What Has Changed In Ferguson Since Michael Brown Was Killed? From Darren Wilson To The Brown Family, One Year Marks A Major Milestone
It's been a rocky year for Ferguson, Missouri. In August 2014, the small, mostly black suburb of St. Louis quickly transformed into a catalyst for activism and conversations about race relations in America when Michael Brown, an unarmed black 18-year-old, was shot and killed by Darren Wilson, a white police officer. Protests broke out, some violence ensued, and many feel that justice has not been served. But amidst all the protests and violence, what has changed in Ferguson since Brown's death?
In many ways, Ferguson set a precedent for social activism — and how officials respond to it. Brown's shooting and the investigation that followed started national conversations about issues like race relations, racial profiling, and police brutality. It also gave new visibility and new context to organizations such as Black Lives Matter, which launched in 2012 after the fatal shooting of Trayvon Martin in Florida. Following the violence in Ferguson, cities like Baltimore and Cleveland preemptively prepared for the fall-out after similar deaths of black men in their own communities.
The lessons of Ferguson will remain longer than this first year. The fact that I can refer to the entire Brown-Wilson ordeal as "Ferguson" alone is a testament to the significance of what happened not only in that small Missouri city, but also in this country. Small changes have come to the community, though it's clear there is still a long way to go.
Wilson, who wasn't indicted by a grand jury on any criminal charges, leads a very isolated life. In a recent profile by The New Yorker, Wilson revealed he feels "unemployable." The Ferguson Police Department will not take him back in fear his presence could incite violence and endanger other officers, the story reported. In the year since the shooting, Wilson has become a father. His wife, Barb, gave birth to a daughter in March. (He also has two stepsons.) He spends most of his time at home with his daughter and family, and he limits his time in public.
The Local Government
In the last year, the racial makeup of Ferguson's public officials has changed to better reflect the demographics of the community. Nearly 70 percent of Ferguson's population is black. After two new black members were elected in April, three of the six seats on Ferguson's city council are occupied by African Americans.

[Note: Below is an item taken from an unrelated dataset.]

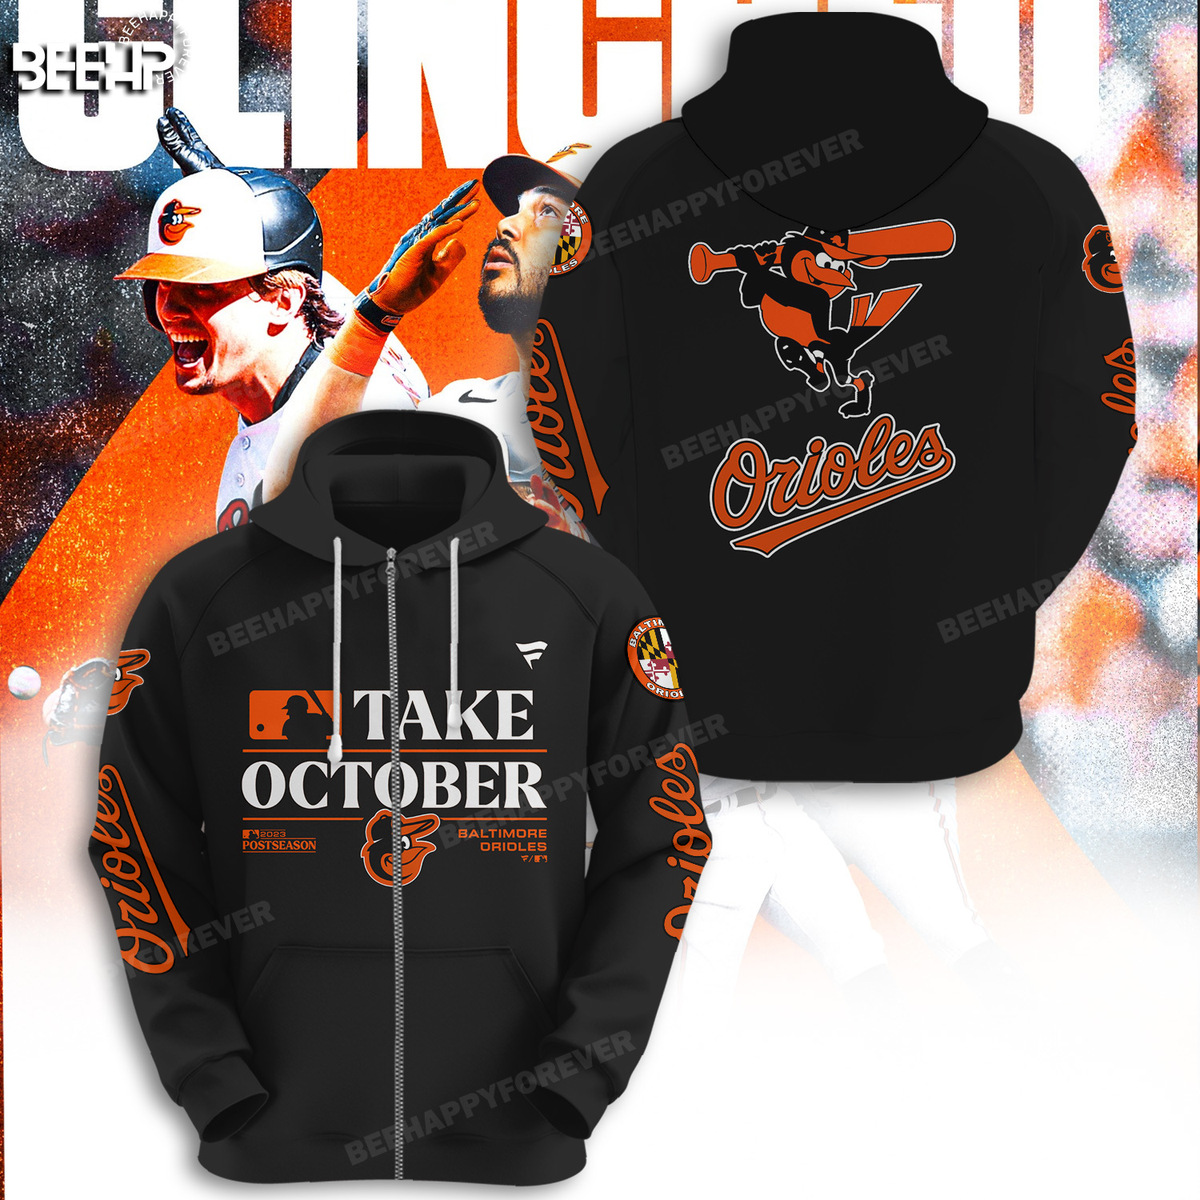 Take October Baltimore Orioles Polo Shirt -  Worldwide  Shipping

Former Ferguson Police Chief Thomas Jackson, who is white, resigned in March after the U.S. Department of Justice released a report that accused the Ferguson Police Department of discriminating against black residents. Former City Manager John Shaw, who is also white, resigned around the same time for similar reasons. The men who hold those positions now, Colonel Andre Anderson and Ed Beasley, respectively, are both black, but their both in interim positions, a detail that hasn't gone unnoticed by the community.
The Police Department
In addition to a new chief, the Ferguson Police Department has adopted new policies and added new recruits since last year. All Ferguson officers now wear body cameras. The city has made it a point to recruit minority officers. Currently, about 10 percent of the force is black, but there are more positions to fill.
The Brown Family
One year after their son's death, Michael Brown, Sr. said the family is still mourning. They're also urging protesters and activists — who still frequent the streets of Ferguson — to remain peaceful. Brown's father and mother, Lesley McSpadden, have opened a wrongful death suit to seek justice for their son's death. They are suing the city of Ferguson, Wilson, and former Police Chief Jackson. The suit claims that Wilson's use of force was unnecessary and the police department "had a custom or policy of negligently hiring and retaining officers" and failing to train them properly.
Ferguson remains a hotbed for activism. To commemorate the one-year anniversary of Brown's death, demonstrators organized a march and a moment of silence on Sunday. They also planned a day of civil disobedience for Monday. But this time around, protests are much smaller and, so far, much more peaceful.
The city is healing in different ways, too. Since the shooting last August, the real estate market has struggled in Ferguson. Home prices have fallen and houses are selling more slowly — but they're still selling. NBC News reported many young families and single people are moving to the city to take advantage of the buyers' market — and to be a part of the recovery process.
There's no doubt that Ferguson — and the country as a whole — still has a long way to go. From making interim changes permanent to resolving legal battles once and for all, the road ahead is paved with new opportunities for the city, the people, and the symbol that is nationally known as Ferguson.